1.1 Modelling Assumptions
When dealing with standard projectile motion problems in this course, we always make the following assumptions:
- The object is a particle: This means we ignore its size, shape, and rotational effects.
- Air Resistance is ignored: We assume the air has no effect on the particle's motion (a major simplification!).
- Gravity is constant: The acceleration due to gravity, \(g\), is constant throughout the motion (usually taken as \(g = 9.8 \text{ ms}^{-2}\)).

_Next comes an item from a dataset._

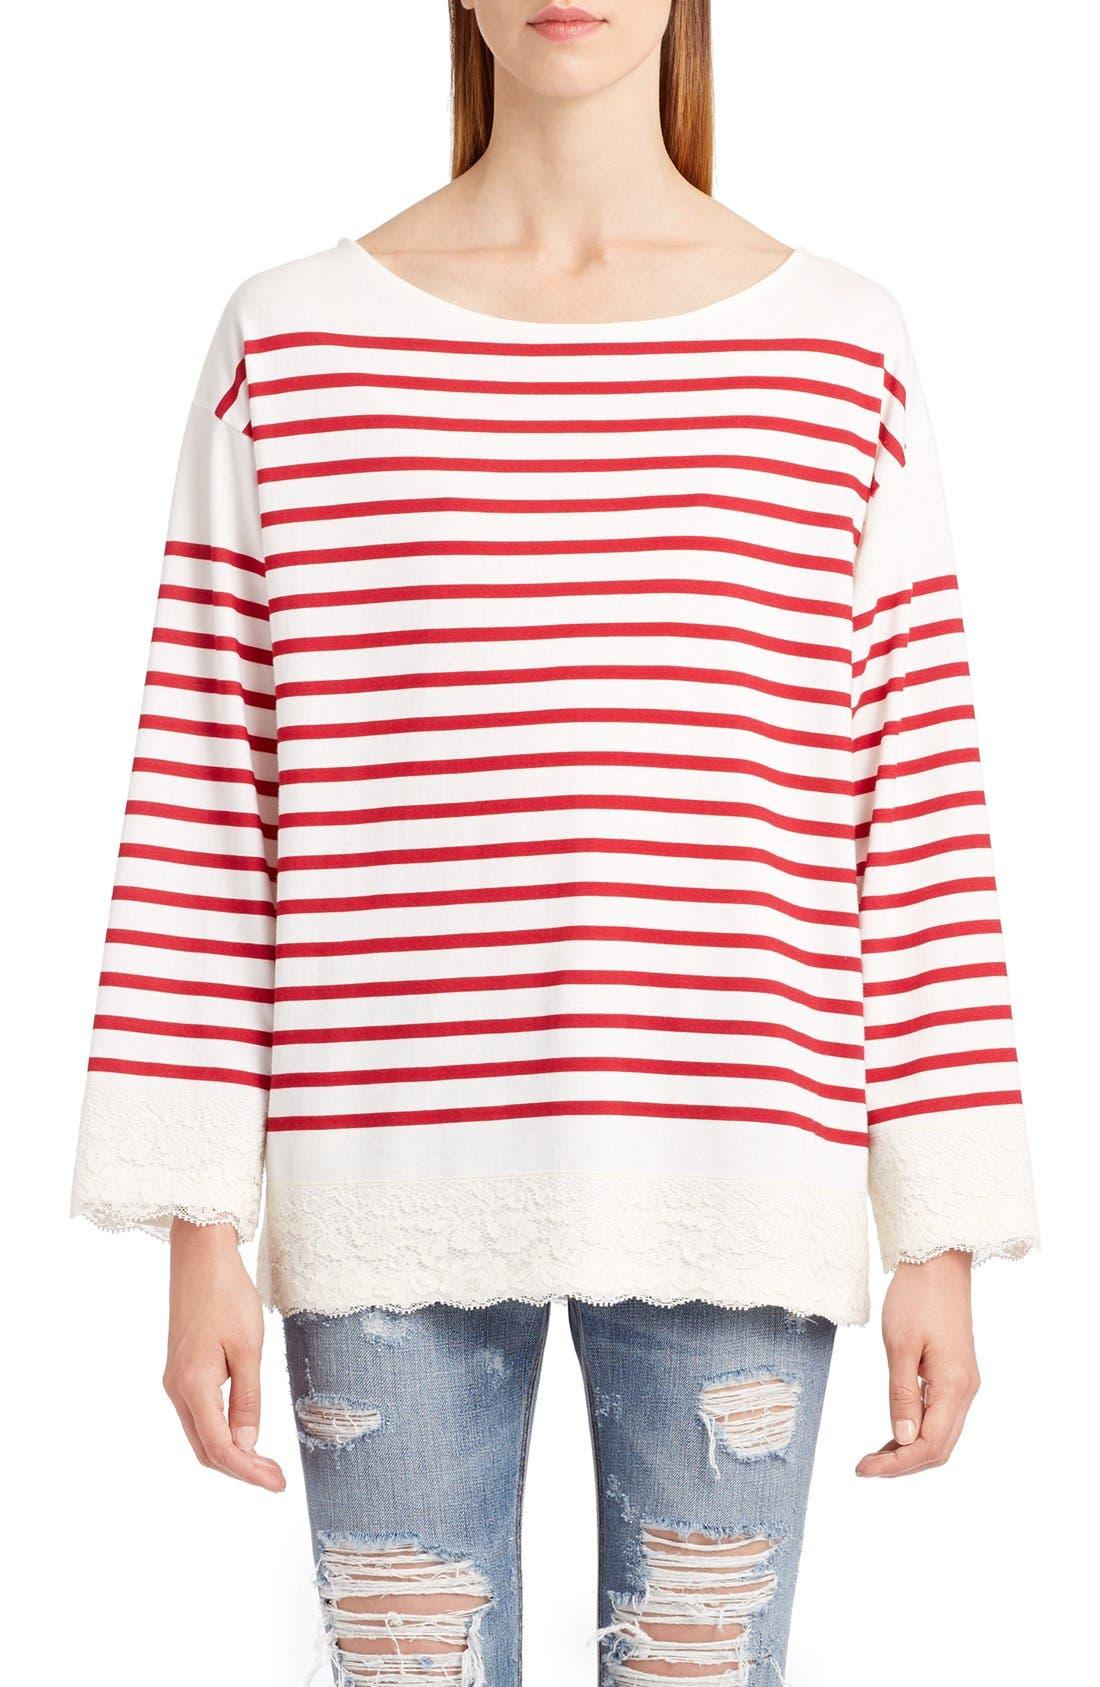 Alternate Image 1 Selected - Dolce&Gabbana Lace Stripe Tee

- Earth is flat: We assume motion occurs over a small enough distance that the Earth's curvature can be ignored, meaning \(g\) always acts vertically downwards.

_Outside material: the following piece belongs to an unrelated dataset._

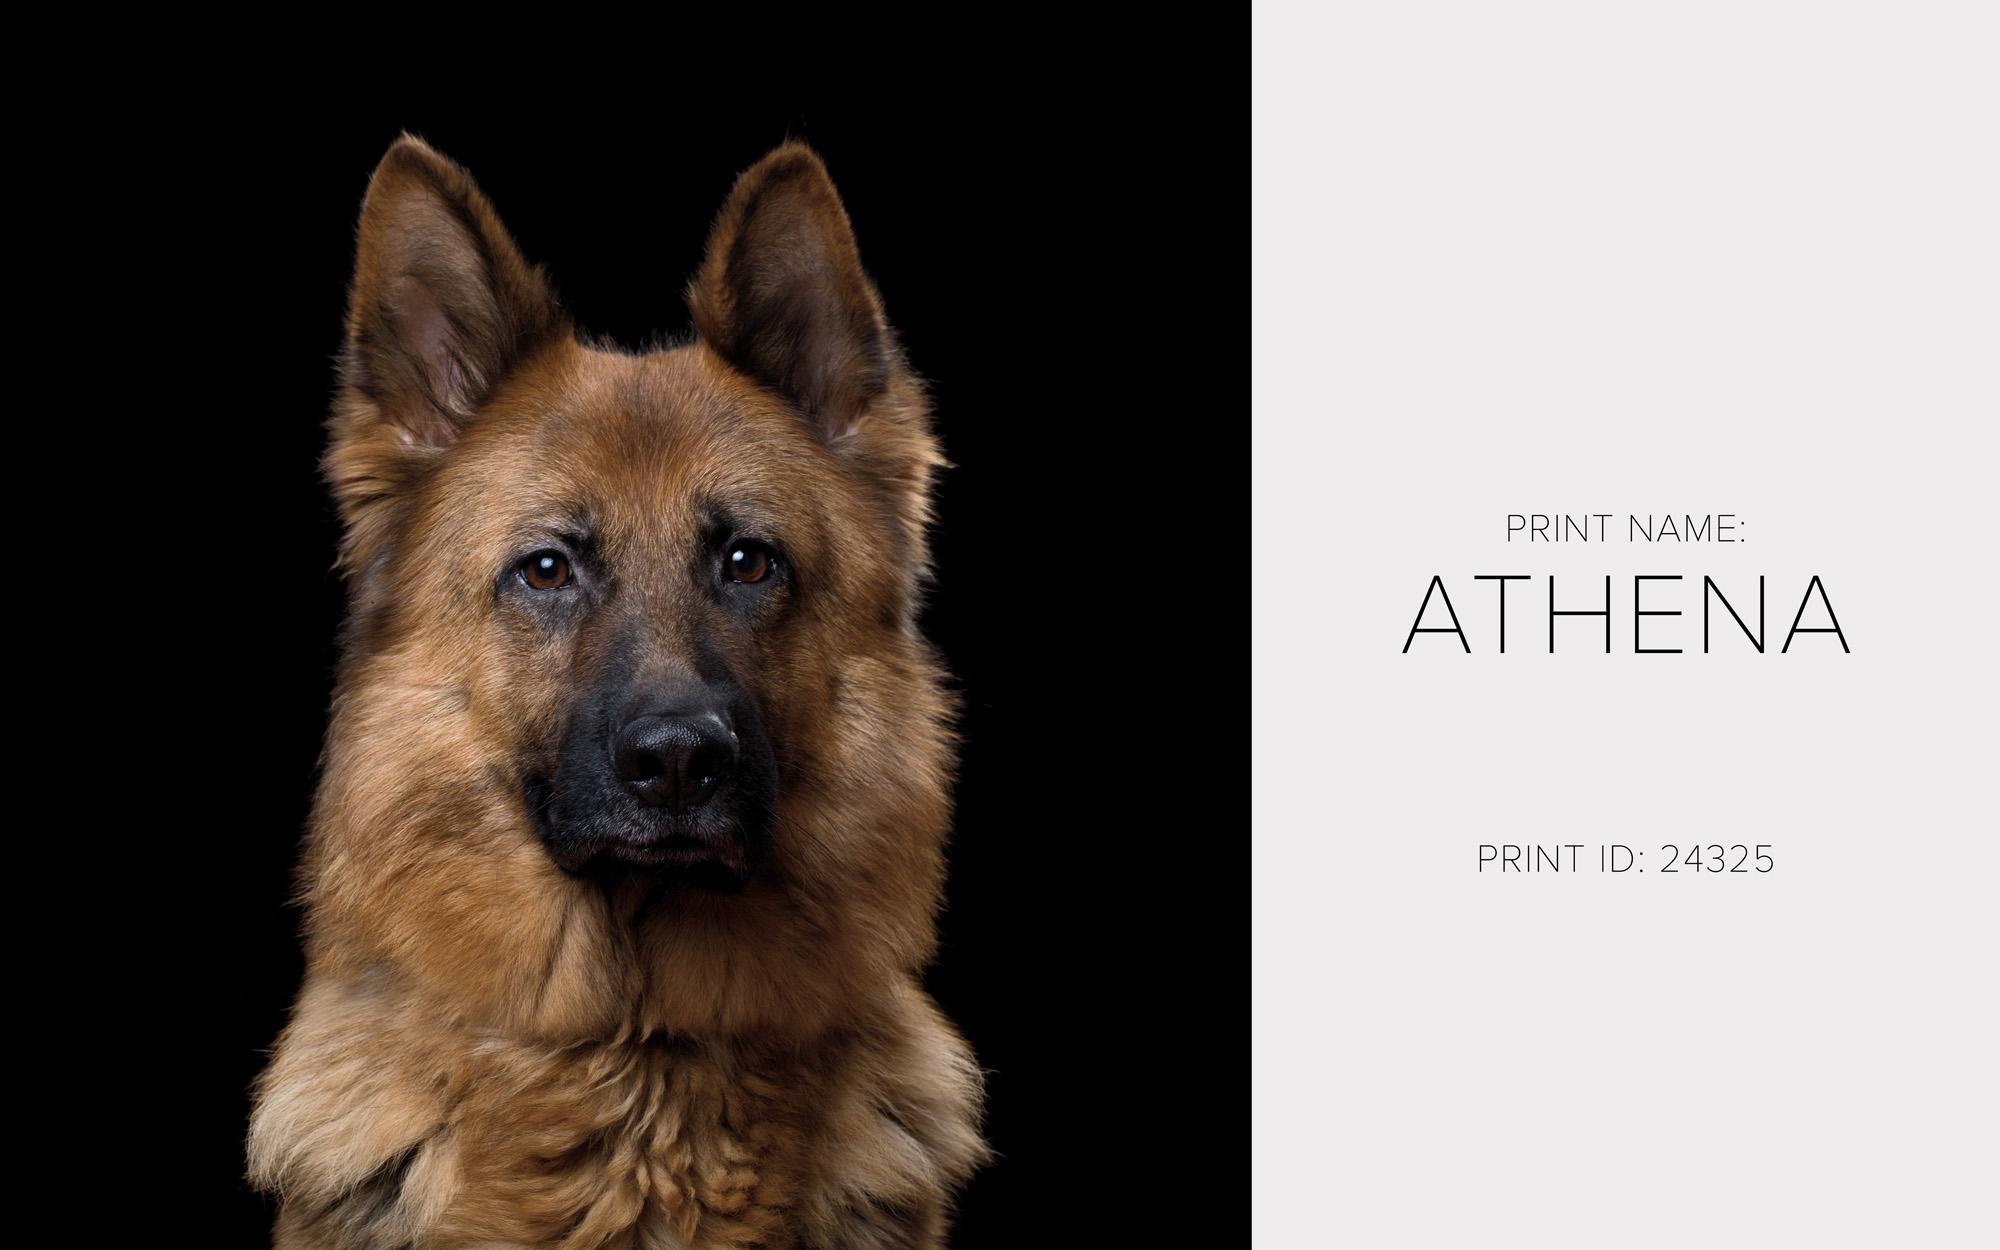 Athena_Print.jpg

Quick Review Box: Why Assumptions Matter
These assumptions allow us to treat the motion as having constant acceleration (\(g\) vertically) and zero acceleration (horizontally), which means we can use our reliable SUVAT equations!
Section 2: Separating the Motion (Horizontal vs. Vertical)
This is the single most important technique in solving projectile problems. We analyze the motion in the horizontal (x) direction and the vertical (y) direction completely independently.
2.1 Resolving Initial Velocity
Suppose a particle is launched from the origin with an initial speed \(V\) at an angle \(\alpha\) to the horizontal. We must first find the components of the initial velocity:
- Horizontal Component (\(u_x\)): \(u_x = V \cos \alpha\)
- Vertical Component (\(u_y\)): \(u_y = V \sin \alpha\)
2.2 The SUVAT Split
We now apply the SUVAT rules to each direction separately. Remember, time \(t\) is the only quantity common to both directions.
Horizontal Motion (X-Direction)
Since we ignore air resistance, there are no horizontal forces acting on the particle (Newton's First Law!).
- Acceleration: \(a_x = 0\)
- Initial Velocity: \(u_x = V \cos \alpha\)
- Displacement: \(x\)
Because \(a_x = 0\), the horizontal velocity is constant. The only SUVAT equation we need is:
$$x = u_x t \implies x = (V \cos \alpha) t$$
Vertical Motion (Y-Direction)
This motion is under the influence of gravity alone. We usually define the positive direction as upwards.
- Acceleration: \(a_y = -g\) (It's negative because gravity pulls down, opposite to the positive direction).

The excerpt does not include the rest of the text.